▼▼▼

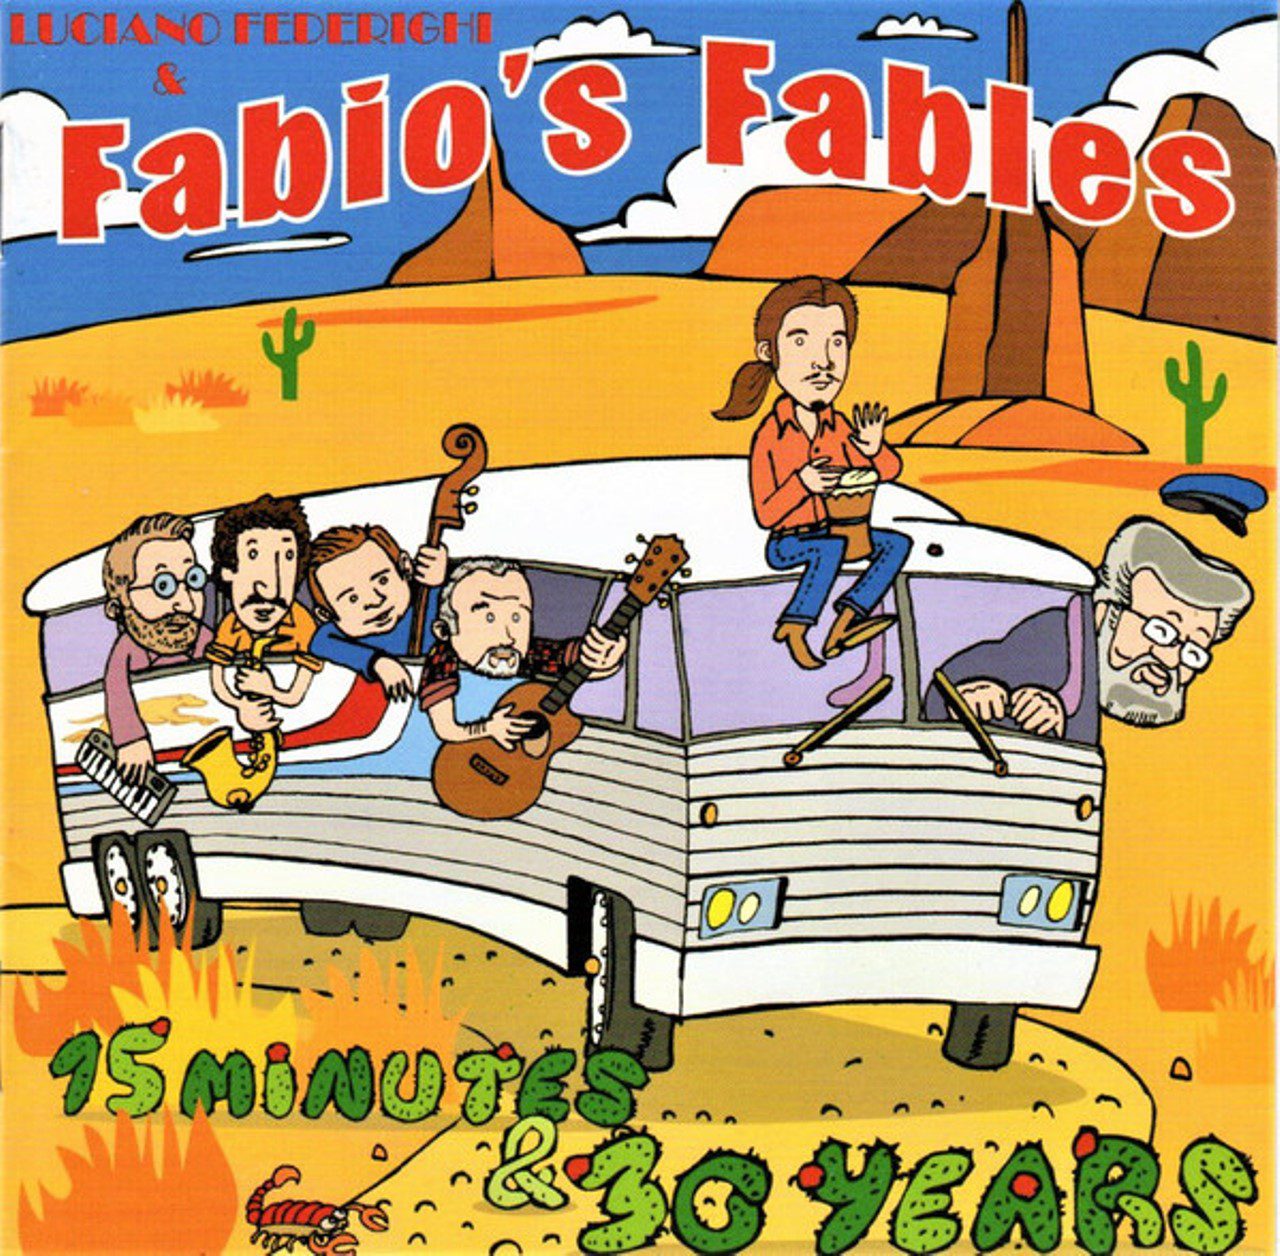 Luciano Federighi e Fabio's Fables - 15 Minutes & 30 Years cover album
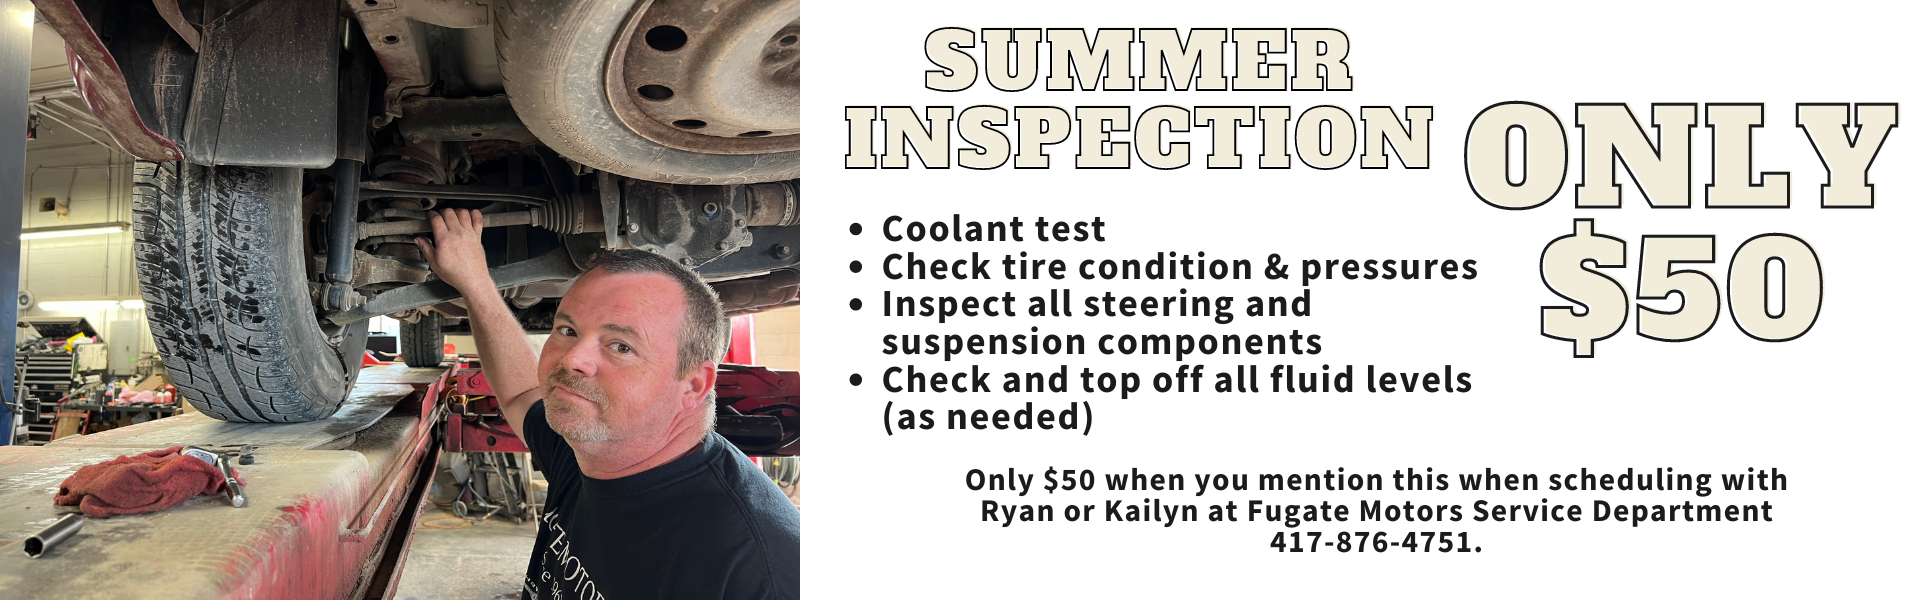 Summer Inspection
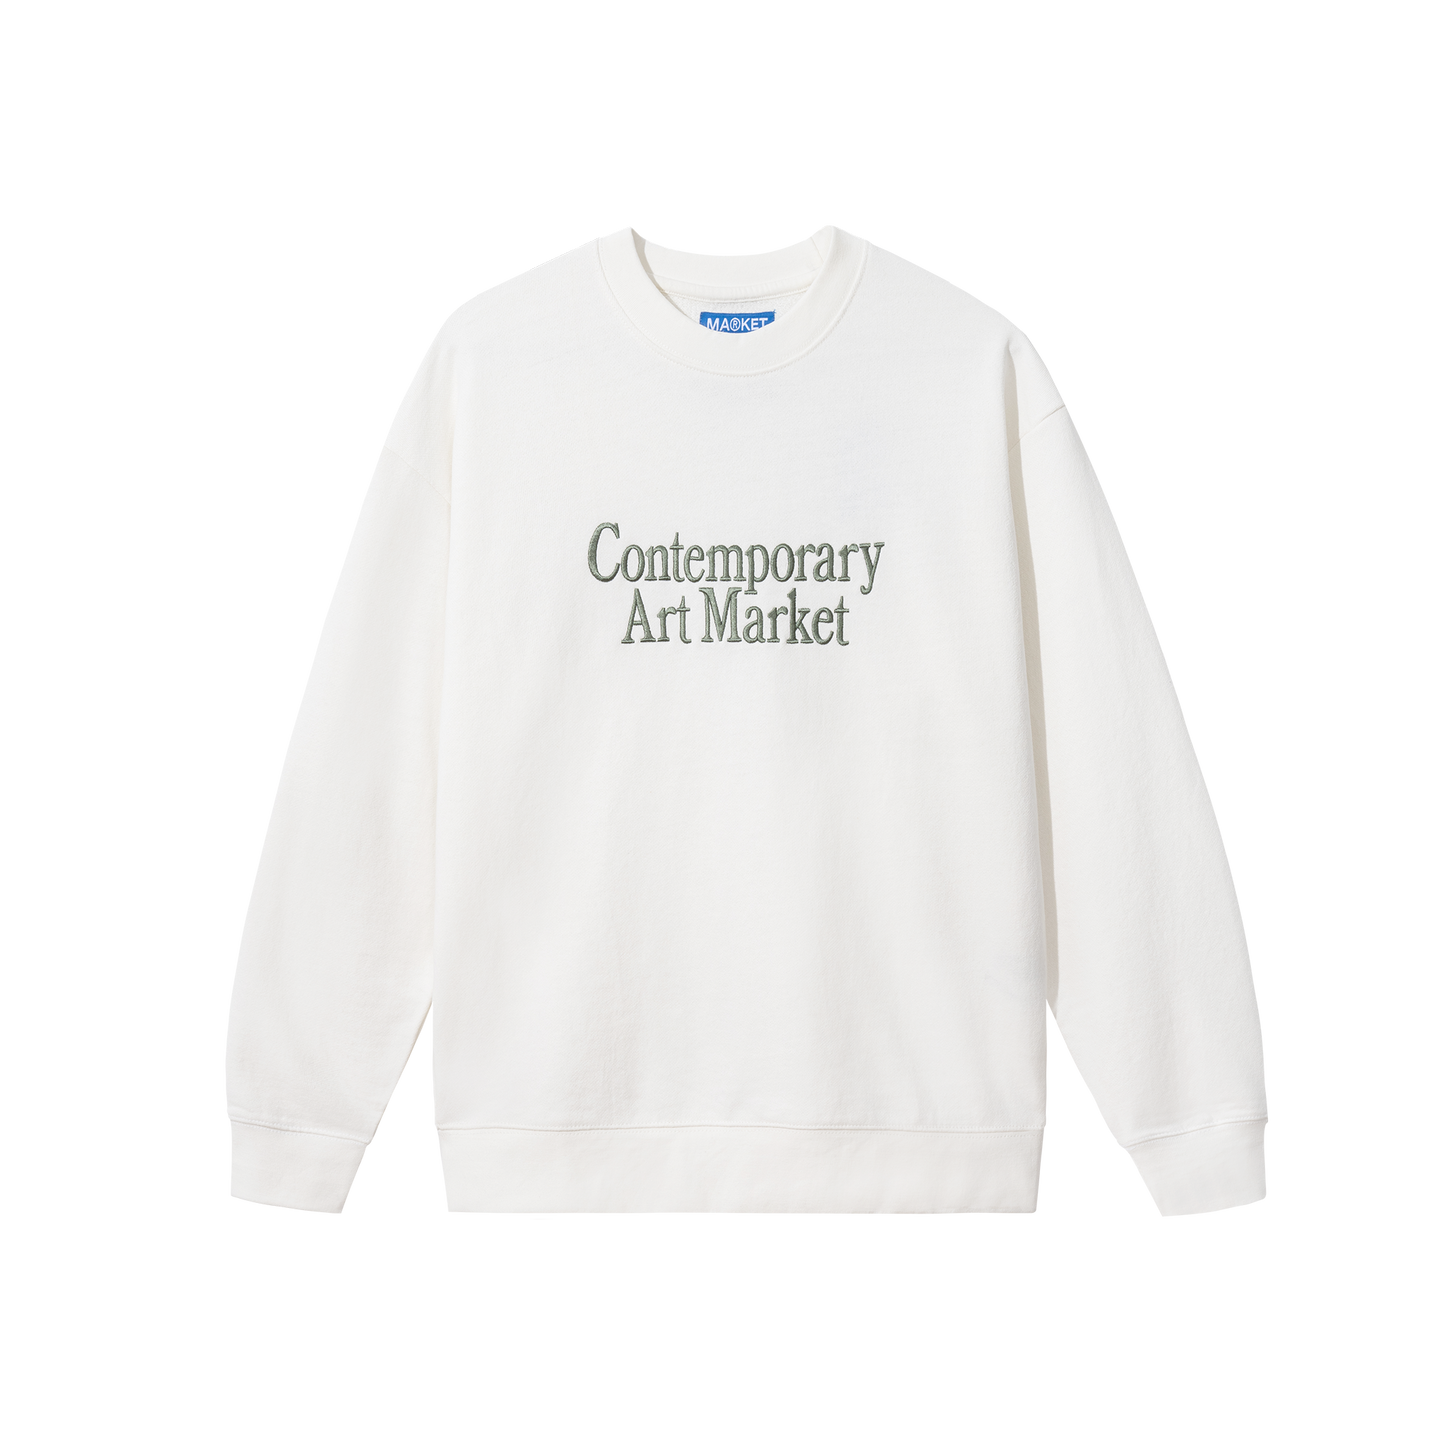 MARKET clothing brand. MARKET graphic tees. Chinatown Market clothing. MARKET Studios crewneck sweatshirt . 100% Cotton crewneck. Graphic Streetwear Tee Shirt.

▲▲▲

_Activity_
In your copy, include no pictures; print every line above exactly.

_Result of the exercise_
 Luciano Federighi e Fabio's Fables - 15 Minutes & 30 Years cover album
 Summer Inspection
 MARKET clothing brand. MARKET graphic tees. Chinatown Market clothing. MARKET Studios crewneck sweatshirt . 100% Cotton crewneck. Graphic Streetwear Tee Shirt.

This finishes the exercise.